Kalle Kurg (born 25 May 1942 in Tartu) is an Estonian poet, writer, critic, translator and editor. As a versatile figure in Estonian culture, he has also published caricatures and worked as a theatre director.

==Life==
Kalle Kurg studied Estonian Philology at the University of Tartu (1961–1966) and soon became the Art Director of a nature publication called Eesti Loodus (Estonian Nature). Soon after he joined Eesti Televisioon (Estonian Television) as the Senior Director of art programs. In 1971 Kalle went on to work for a leading literary magazine first published in 1923 Looming (Creativity), of which he became Editor-in-Chief in May 1976. He remained in this position till January 1988. Kalle Kurg firmly stood by the magazine's democratic values and during the 70s and 80s Looming became the centre stage of expression for opposite elite; at the same time being enriched by various translations and essays from modern literature and science.

Kalle Kurg worked as the Executive Editor at the Estonian Association of Journalists between 1989 and 1991, and as the Director of the Department of Publishing at Eesti Televisioon between 1991 and 1992. In 1992 he founded a cultural magazine Sina ja Mina (You and Me), which was the first magazine that got published after Estonian Independence in 1991.
Kalle was the CEO of several design agencies between 1992 and 1995, followed by the position of Director and Chief Editor of two publishing houses. He held these positions till 2000.
Kalle Kurg is a member of the Estonian Writers' Union since 1975. In the 1960s and 1970s he was elected as the leader of Tartu and Tallinn Youth Writers Association. In the 1970s and 1980s he was also involved in broadening cultural exchanges between Estonia and foreign countries.

Since 2000 Kalle Kurg is a freelance writer and translator. As an essayist, Kalle has published several ecology related pieces in addition to literature, with initiative suggestions to change Estonia to a nature republic etc. Kalle Kurg also took part in shaping the citizens initiated Estonian Democracy Renewal (EDU or E-D-U) between 2005 and 2011.

==Works==
In 1999, Kalle Kurg published a poetry compilation Colours of Darkness (Pimeduse värvid) which contains the mastery of poetry rooting to autobiography and documentaries. From one side it tells a person's story, from the other gives insights into the realities of Estonia from 1960 to 1990. The loss of freedom paved the way to tragic despair and hope of freedom, irony and dark humour, softened by the wait for freedom, human closeness and the subject of love as well as the problems of existence.
From 1990 to 1993 and 2000 to 2005 Kalle Kurg wrote and broadcast original short stories at the Estonian Public Broadcasting stations, lastly with no breaks twice a month more than five years. The first seasons short stories covered the subjects of the atmosphere of a closed society, the second season covered the mental, ethical and spiritual problems of a newly independent state. These short stories have been broadcast as repeats series since.

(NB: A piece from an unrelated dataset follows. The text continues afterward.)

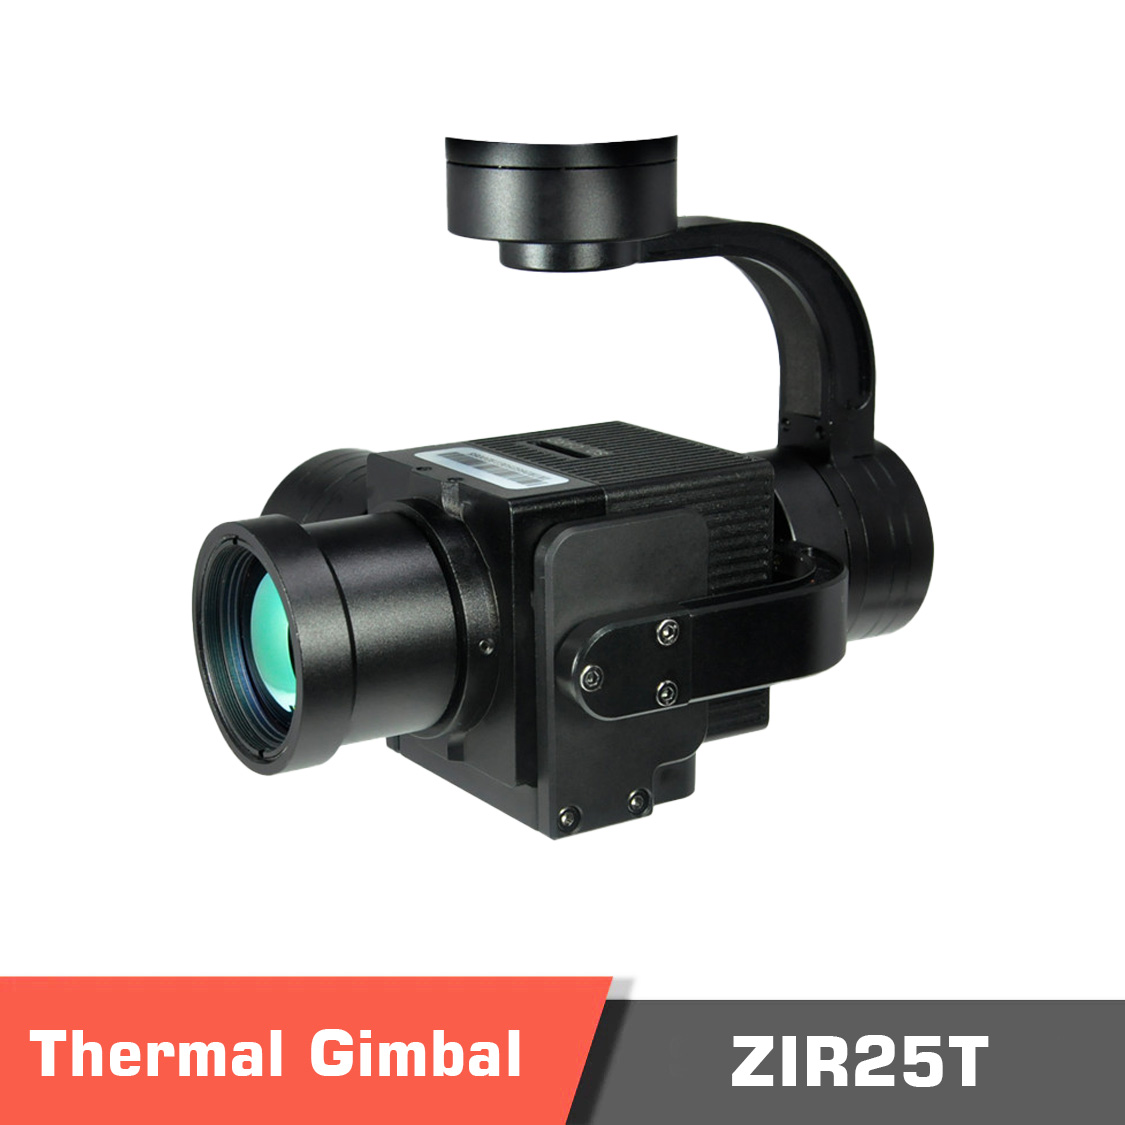 ZIR25T.temp .1 - A40TR Pro Gimbal Camera - MotioNew - 1

As a literature critic, Kalle Kurg came out with a theory that differed from the official vision of literature in the 1970s. He highlighted the unity of the human motives in Estonian literature, but also showed that methods and forms of problem setting in Estonian literature can be divided between 4 centres. Presenting such a vision in 1973 went against the official theory of literature that emphasised the monolithicity of ideology and form. At the same time he has received several awards with his articles and essays.

In 1981 Kalle Kurg staged the first original modern dance-pantomime performance Mimeskid (Mimesques) in the history of the Estonian professional theatre. With its philosophical content and original presentation combined with innovative stage designs, the pantomime (original music by Sven Grünberg, Lepo Sumera) was awarded the highest prize at the International Pantomime Festival in Moscow in 1985. As an author of words staging, Kalle Kurg has stood out with experimental solutions in the way he handled classics.

Kalle Kurg has also translated poetry, novels, philosophical literature and informational literature from Finnish, English, German and Russian.

==Bibliography==
- Kalle Kurg. Pimeduse värvid (Colours of Darkness) 1960–1990. Book design and graphics: Enno Ootsing. Publishing House: Virgela, Tallinn 1999. 254 p.